* _ACTION ITEM_: Your answer should be the lines below from the one holding "Panierter Fisch auf" through the one holding "Carbon monoxide alarm", copied exactly and with nothing else.

* _DATA PROVIDED_:
****

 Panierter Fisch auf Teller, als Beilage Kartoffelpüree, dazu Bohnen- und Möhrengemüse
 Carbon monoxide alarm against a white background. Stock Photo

****

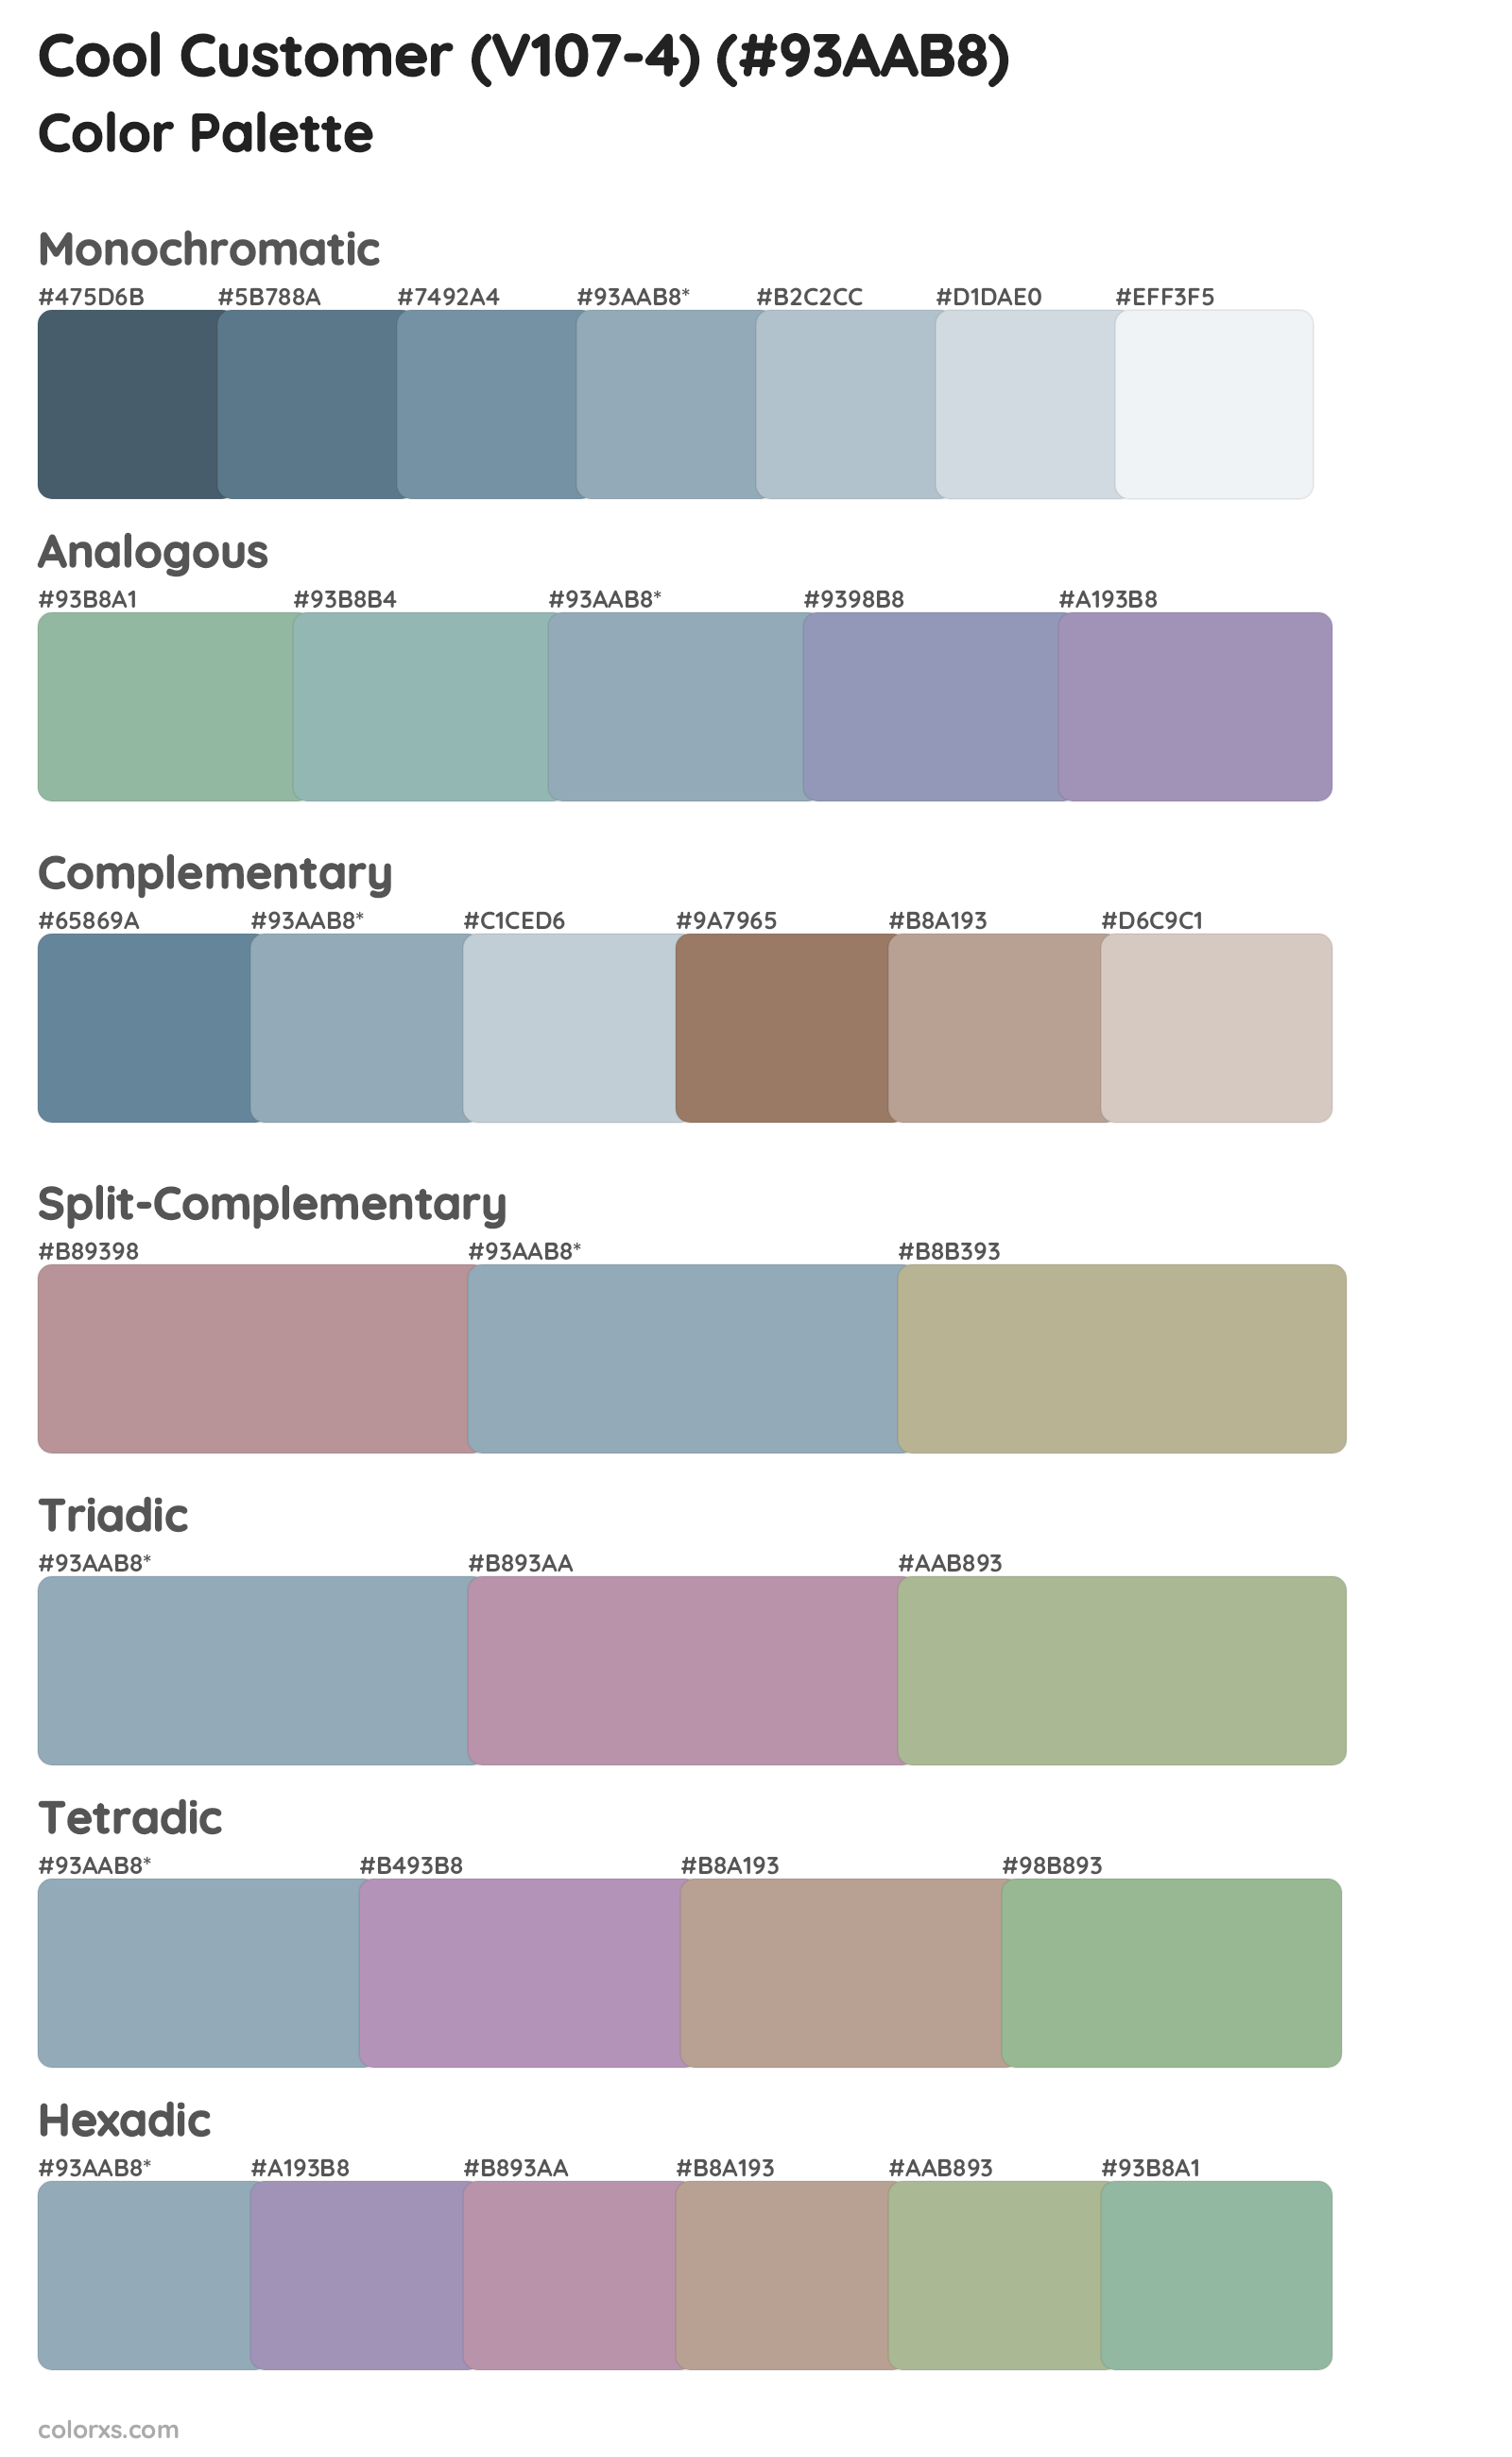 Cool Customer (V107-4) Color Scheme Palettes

****

* _RESULT FOR THIS TASK_:
 Panierter Fisch auf Teller, als Beilage Kartoffelpüree, dazu Bohnen- und Möhrengemüse
 Carbon monoxide alarm against a white background. Stock Photo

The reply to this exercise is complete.